SweetOps #aws for July, 2024

Discussion related to Amazon Web Services (AWS)

Archive: https://archive.sweetops.com/aws/

2024-07-01

2024-07-02

2024-07-04

Dhamodharan

11:41:33 AM

Hi All, Seeking suggestions for a AWS POC,

Setting up a small AWS POC, planning to setup 1uat machine 1 prod machine and 1 Jenkins machine to build and deploy to both uat and prod.

To ensure the security, planning to go with aws organisation and keep 3accounts to keep all 3 servers. Is it good approach or any other approach to set it up? interms of security and cost effective.

Thanks in advance.

theherk

11:45:25 AM

An account per machine, seems like more overhead than required for a POC, but in general this seems like a good separation. Using jenkins seems like a bummer.

Dhamodharan

12:00:11 PM

We may be moving the same setup to live, so I am thinking this way..

Dhamodharan

12:01:06 PM

Also not sure about the costing with AWS, Is the aws accounts costs extra?

theherk

12:15:34 PM

No. You pay per resource used.

theherk

12:16:31 PM

Even organizations doesn’t cost extra, just the resources within the accounts attached to the organization.

Dhamodharan

12:26:33 PM

thanks for the info @theherk, I will implement the same approach then…

managedkaos

05:33:14 PM

For a POC… multiple accounts would be overkill.

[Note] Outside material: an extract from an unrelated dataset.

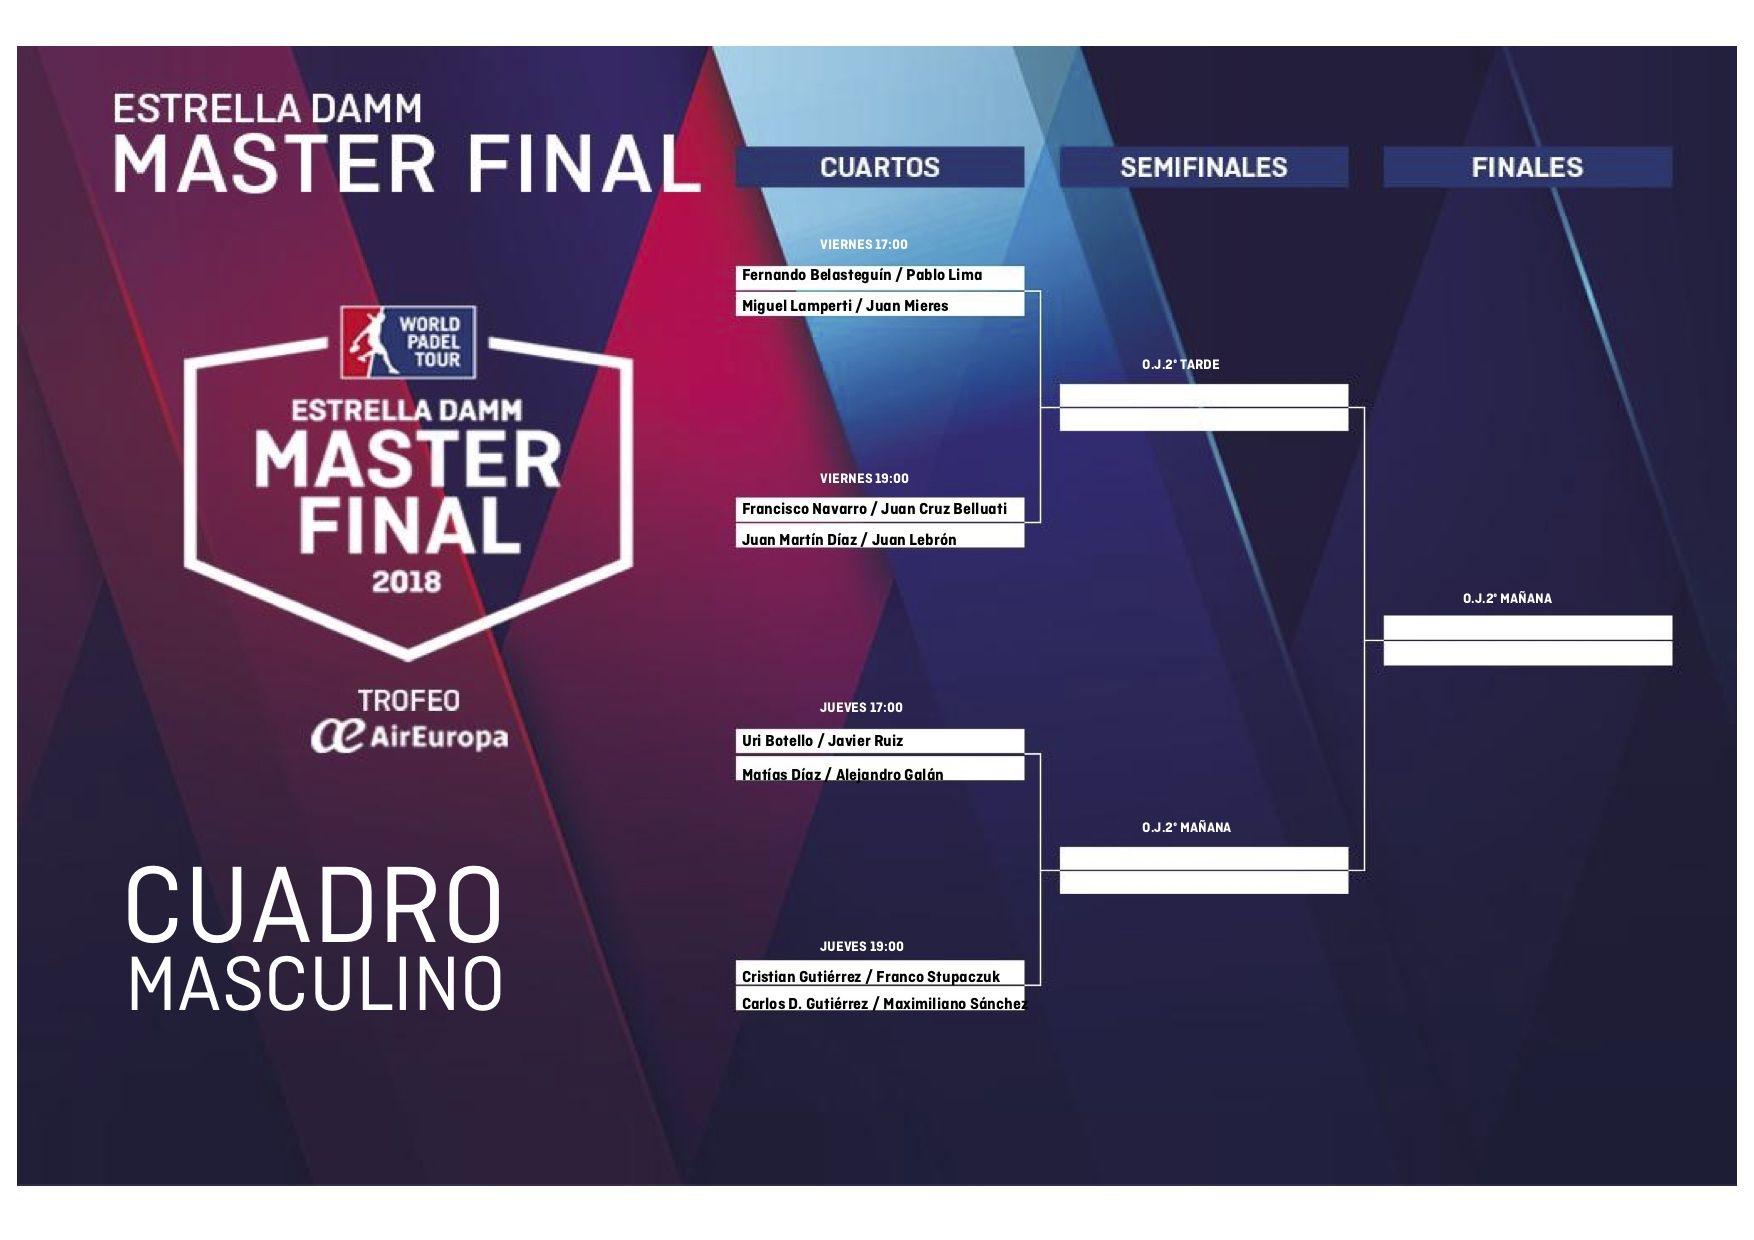 El cuadro masculino del Master Final.

However if your POC is to demonstrate account separation for a larger project, then yes, go for it. The org and the accounts are free.

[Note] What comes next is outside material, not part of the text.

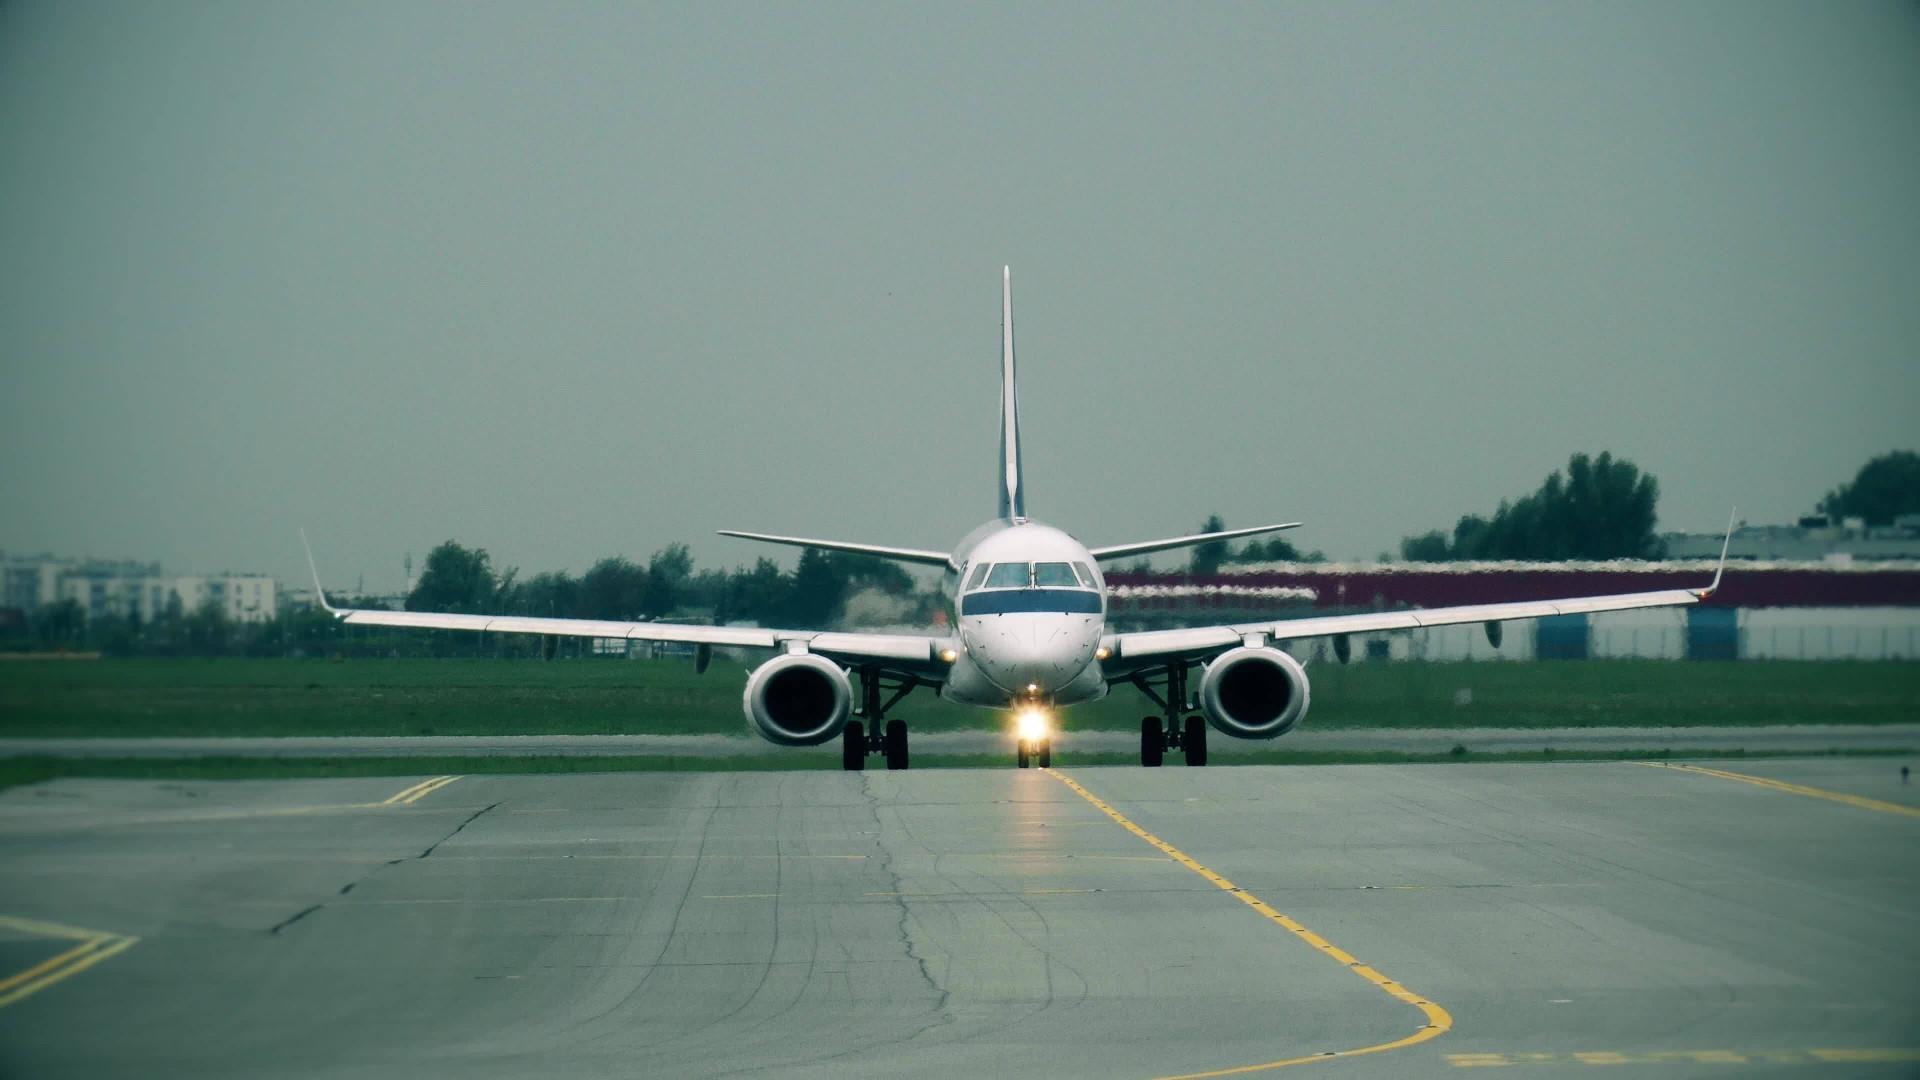 Authority slates organisation of fatal An-2 air show flight

I would think your breakout would be:

Production account for all production resources
UAT account for all non-production resources
Deployment account for automation. one thing that would be really great to acheive with this set up is only allowing deployments into Production or UAT via the services in the deployment account. That is, no manual changes unless absolutely necessary.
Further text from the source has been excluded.